Dans les premières années de ce blog j’avais publié un article (« On achève bien les chevaux ») sur la fin de vie que je publie à nouveau en le complétant.
Il y a de nombreuses années un ouvrage intitulé « Suicide, mode d'emploi » avait été édité. Mais ce livre avait été rapidement interdit. Nombre de suicides sont en effet des « suicides-chantages » et avec un bon mode d'emploi, de tels suicides risquaient d'être irréversibles à l'insu du plein gré de l'intéressé(e).

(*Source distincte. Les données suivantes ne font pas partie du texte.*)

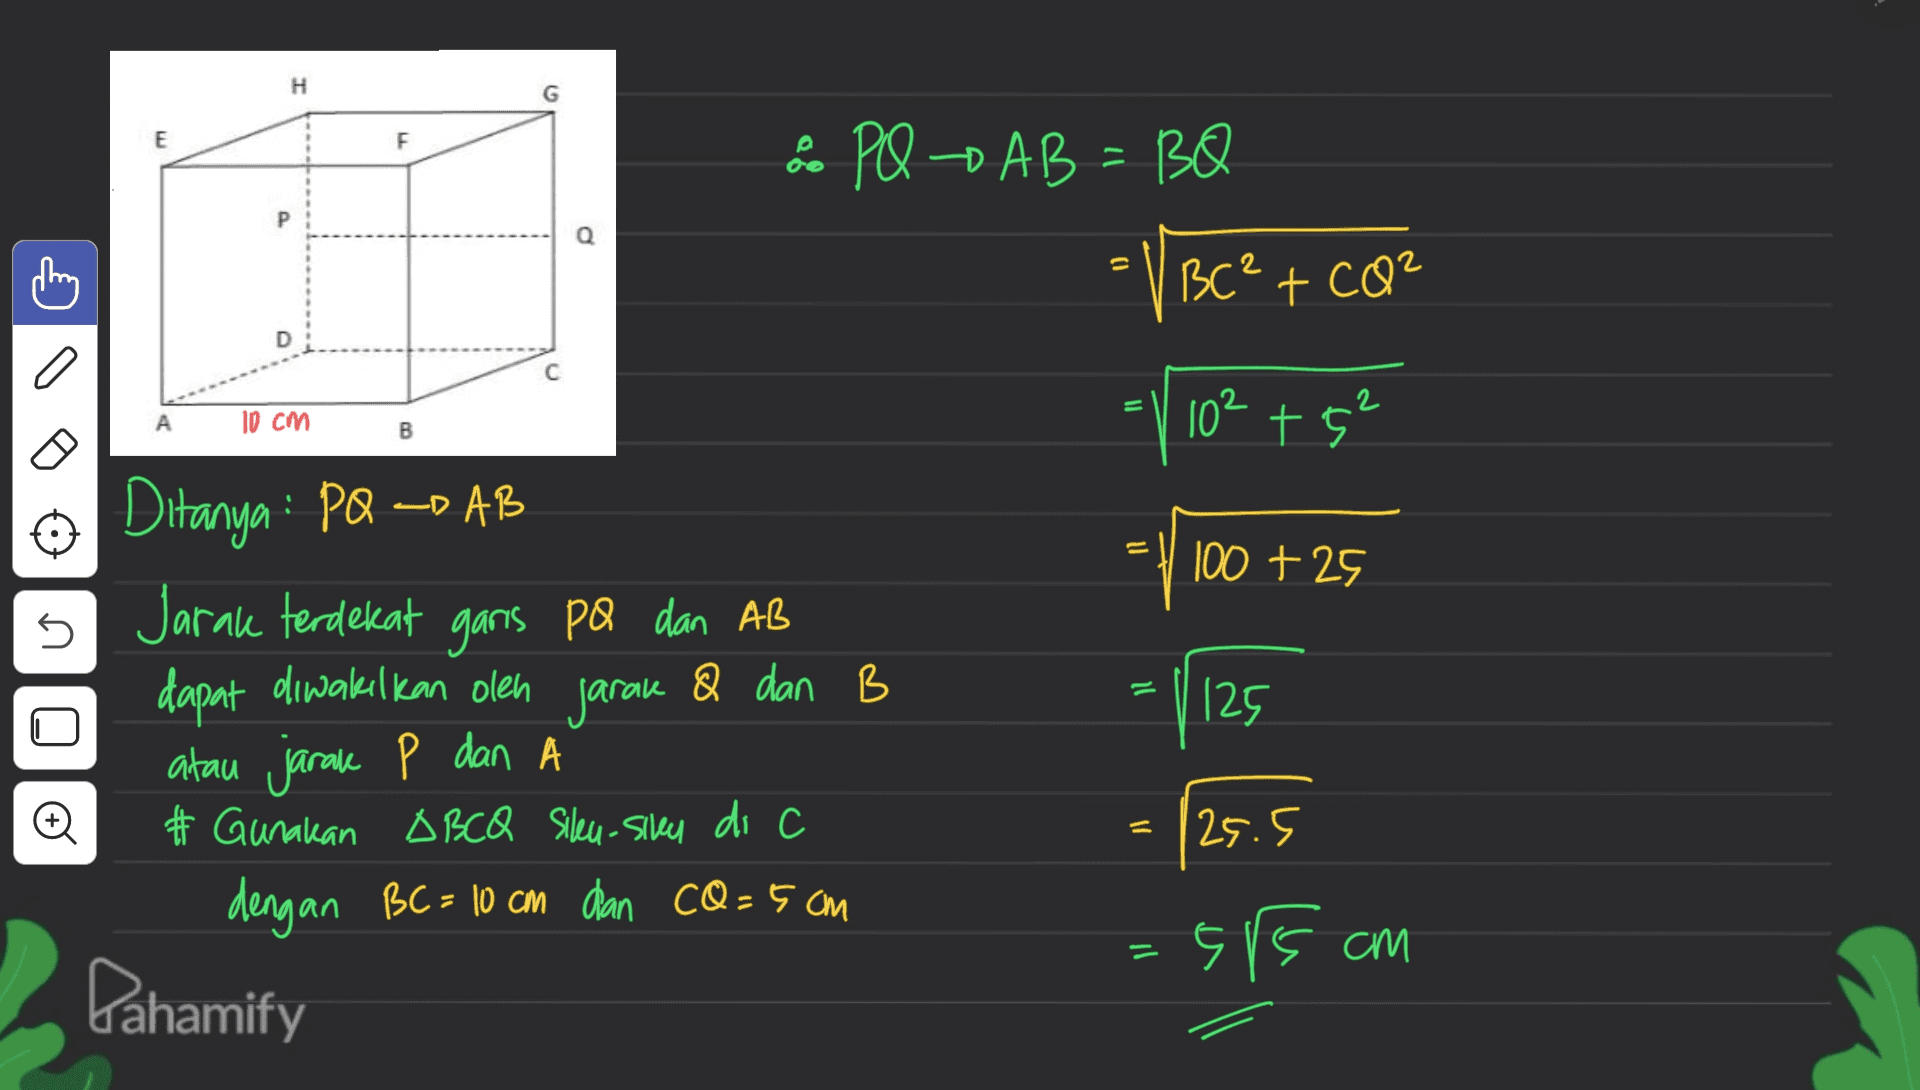 H E F & PQ AB=BQ VBC² + CO² Q 0 D o С 10 cm 10²+5² B ے 11 100 + 25 s Ditanya : PQ =D AB Jarak terdekat garis pa dan AB dapat diwakilkan olen jarak & dan B atau jarake P dan A # Gunakan OBCQ Sileu-sily di c dengan BC= 10 cm dan cQ=5cm 125 o = 25.5 - 5/5 am Dahamify

Actuellement, « l’assistance médicale pour mourir » (aide active, car l’euthanasie passive a toujours existé) est à nouveau sur la sellette (elle l’était à l’époque lointaine où j’avais écrit cet article et on voit qu’elle l’est encore) , toujours parce que cette pratique a droit de cité dans des pays voisins et que sa légalisation est réclamée par les partisans de « mourir dans la dignité ».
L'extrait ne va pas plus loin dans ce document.